Consider WW1 and WW2 – the ability to obtain the raw materials and services needed to keep factories and mines operating was a key determinant of organizational success. The feelings of desperation generated by wartime conditions emphasized the necessity of a flexible supply chain in the purchasing process. Buyers had to be able to improvise. Suppliers had to be inventive. A war doesn’t have to be raging to inspire this mentality, however a little interactive nudge always helps.
Historical Lesson: Today’s procurement teams might want to practice air raid drills, drink their own urine, temporarily disconnect electricity, locate the nearest bomb shelter, and shroud the entire office in blackout curtains to appropriately set the mood.
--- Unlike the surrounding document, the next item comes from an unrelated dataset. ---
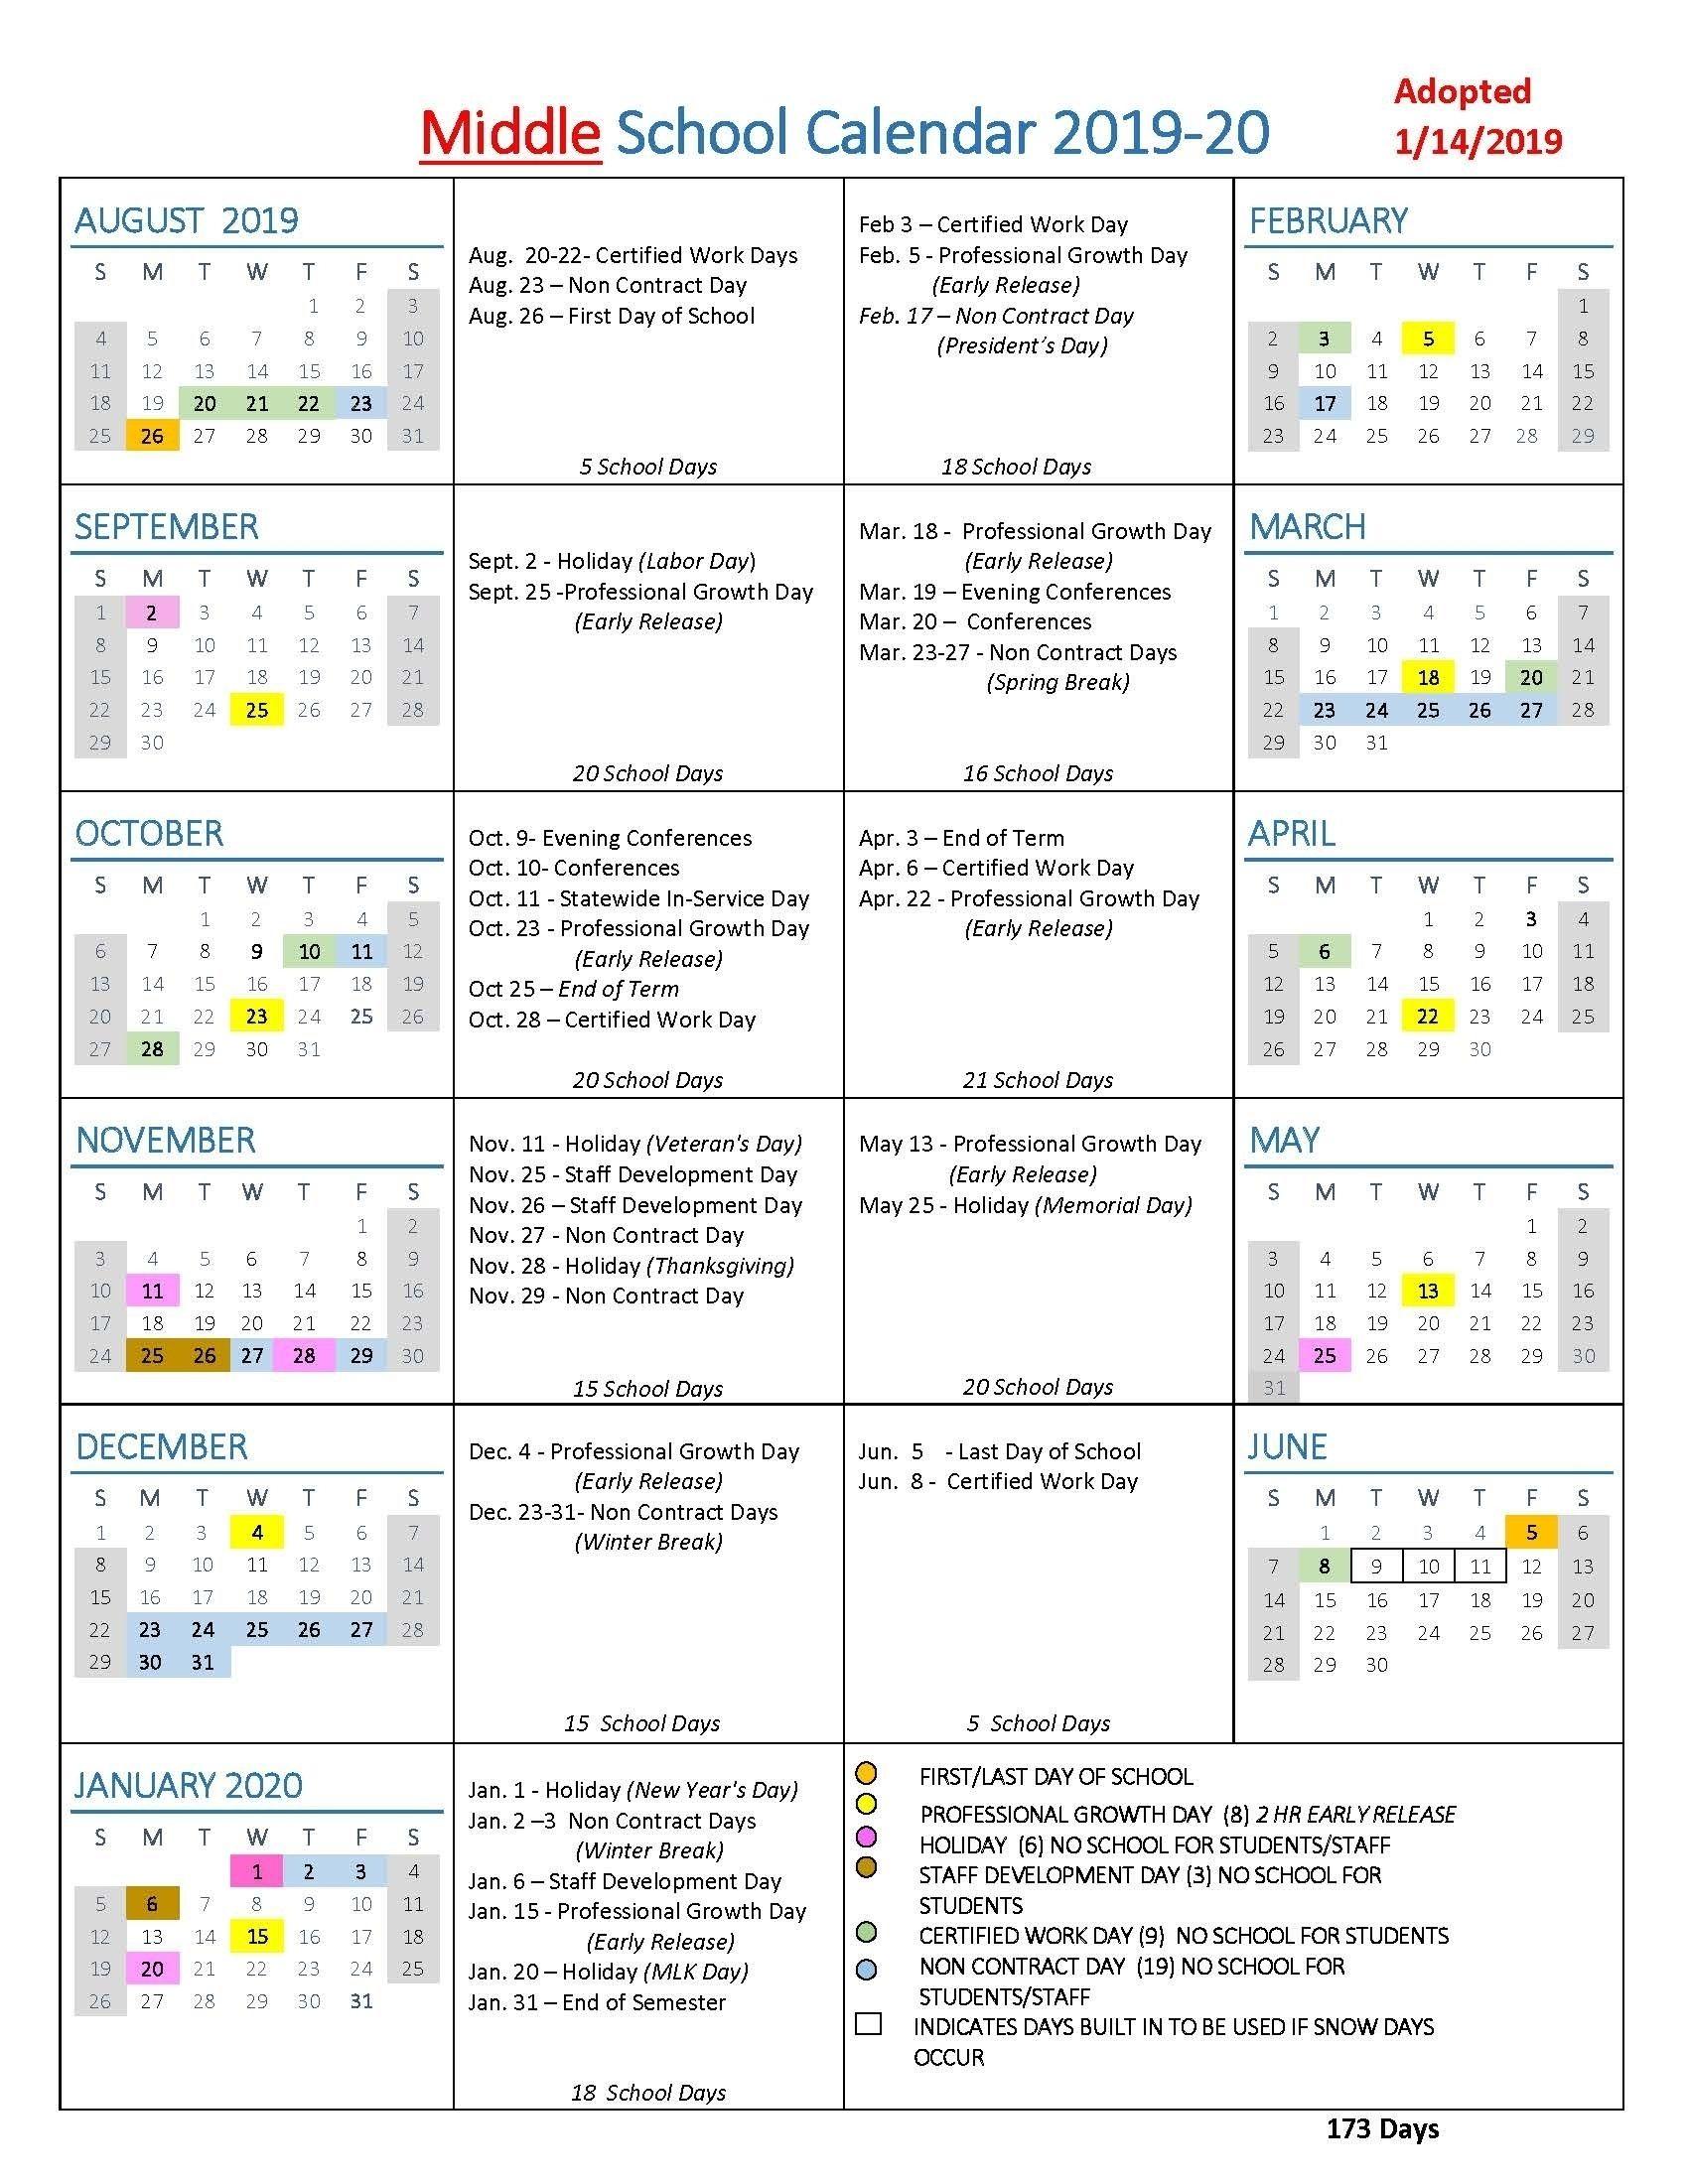 Special Days For 2020 Calender In 2020 | School Calendar
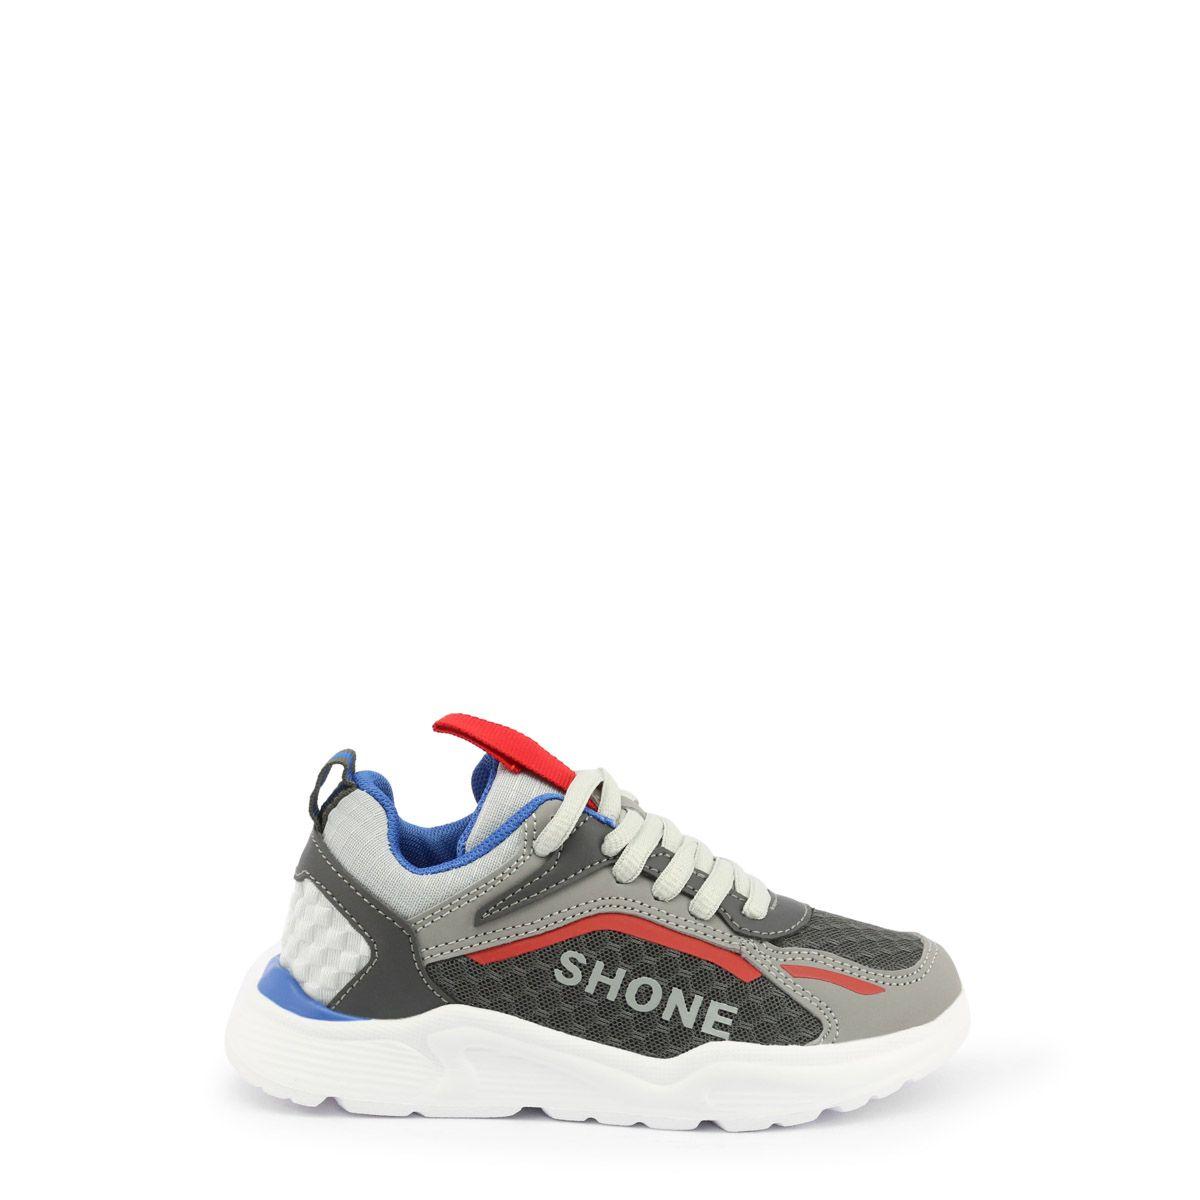 Shone - 903-001

Procurement in the 1970’s introduced a new pressure on the industry: environmentalism. Various corporations, propelled by social movements boycotting their bottom line, were demanding to know more about the products and services they were purchasing from suppliers. Is the product ethically sourced? Is it certified by such-and-such organization? How’s the environmental footprint? Was that bulk order of industrial steel blessed by a convoy of Tibetan monks? A successful business had not only answers, but the most virtuous ones. A modern procurement team should follow suit – after all, environmentalism has only increased in desirability.
Historical Lesson: Consider sending the most annoying member of a purchasing team on an “unpaid vacation” through the supply chain. This will likely involve some unsavory experiences: swimming through oil spills, navigating around destroyed natural resources, and if particularly unfortunate, the smuggling of Blood diamonds and ivory. Once/if the employee returns, it will be nearly impossible NOT to practice environmental stewardship (as a means of slowing the whining and squealing from said employee).
Obviously, using history to help make decisions about procurement is a wise choice. The industry may have made mistakes in the past, but its moments of ingenuity can guide future purchasing professionals to greatness. Always reference the historical lessons, or even better, recreate them for firsthand wisdom.